To the extent that pharmacokinetics influence the effectiveness of nonliving therapeutics, so too do cellular kinetics influence the efficacy of Chimeric Antigen Receptor (CAR) -T cell therapy. Like conventional therapeutics, CAR-T cell therapies undergo a distribution phase upon administration. Unlike other therapeutics, however, this distribution phase is followed by subsequent phases of expansion, contraction, and persistence. The magnitude and duration of these phases unequivocally influence clinical outcomes.
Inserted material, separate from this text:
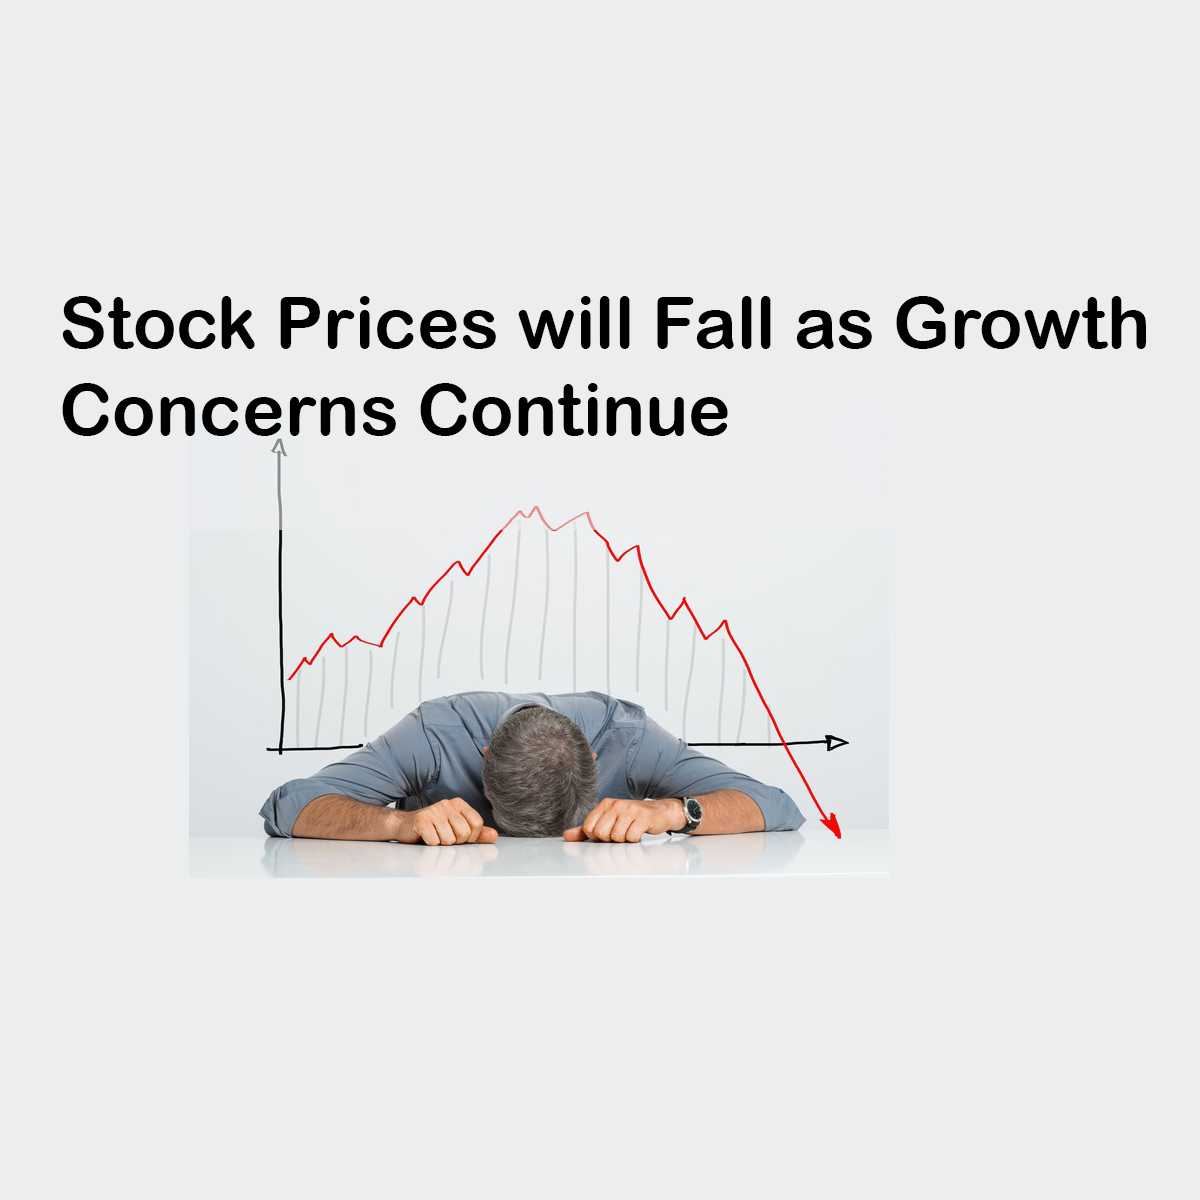 Stock Prices will Fall as Growth Concerns Continue

Furthermore, the “pharmacodynamics” of CAR-T cells is truly dynamic, as cells can rapidly become exhausted and lose their therapeutic efficacy. Mathematical models are among the translational tools commonly applied to assess, characterize, and predict the complex cellular kinetics and dynamics of CAR-T cells. Here, we provide a focused review of the cellular kinetics of CAR-T cells, the mechanisms underpinning their complexity, and the mathematical modeling approaches used to interrogate them.
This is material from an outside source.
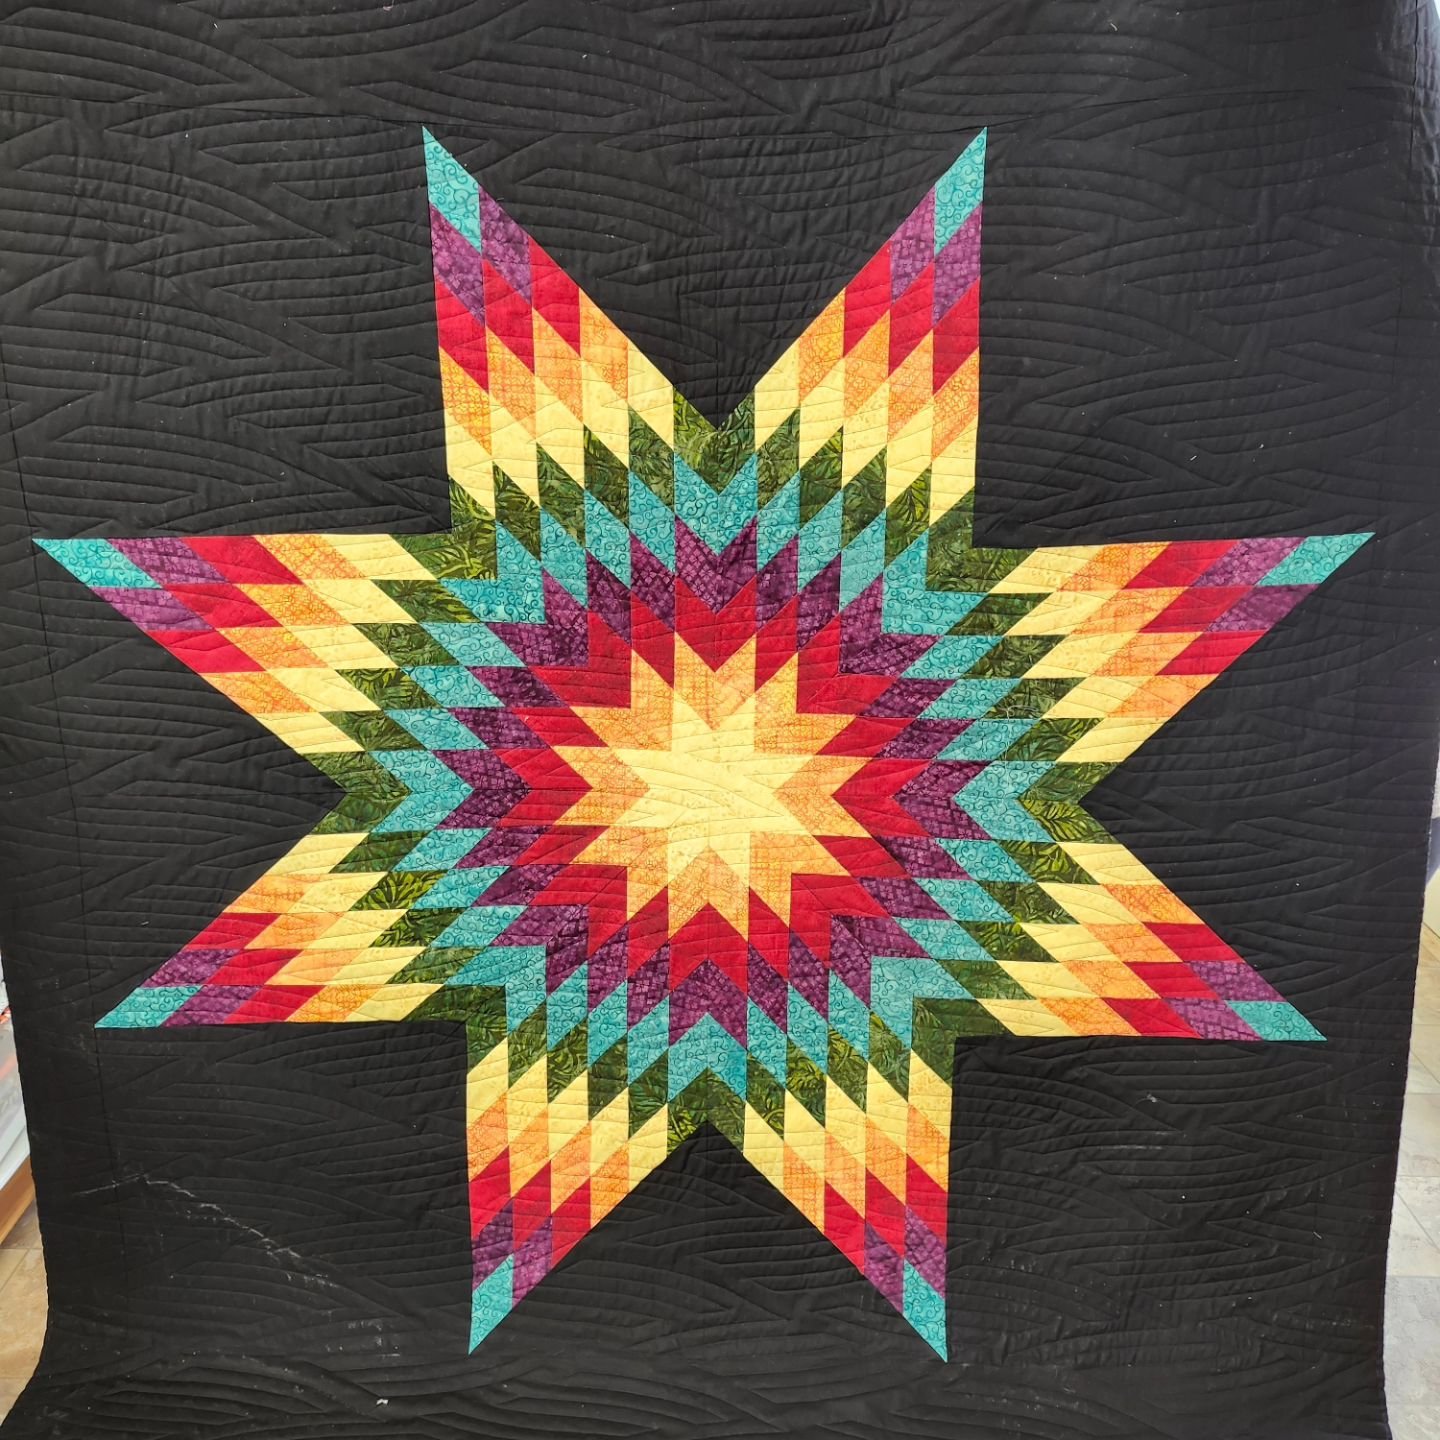 Sisters Charlene and Debbie were in today to longarm their Lone Star quilts from our class.  Charlene chose a pattern called 'basketweave illusion'. Debbie chose a pattern called 'surf' ##longarmmachinerentals ##quiltfun ##quiltyourselfawesome ##quil

就药代动力学影响非生命疗法的有效性而言，细胞动力学也会影响嵌合抗原受体 (CAR) -T 细胞疗法的功效。与传统疗法一样，CAR-T 细胞疗法在给药后也会经历分配阶段。然而，与其他疗法不同的是，该分布阶段之后是后续的扩张、收缩和持续阶段。这些阶段的程度和持续时间明确影响临床结果。此外，CAR-T 细胞的“药效学”确实是动态的，因为细胞会迅速耗尽并失去治疗功效。数学模型是常用于评估、表征和预测 CAR-T 细胞复杂的细胞动力学和动力学的转化工具之一。在这里，我们重点回顾了 CAR-T 细胞的细胞动力学、支撑其复杂性的机制以及用于研究它们的数学建模方法。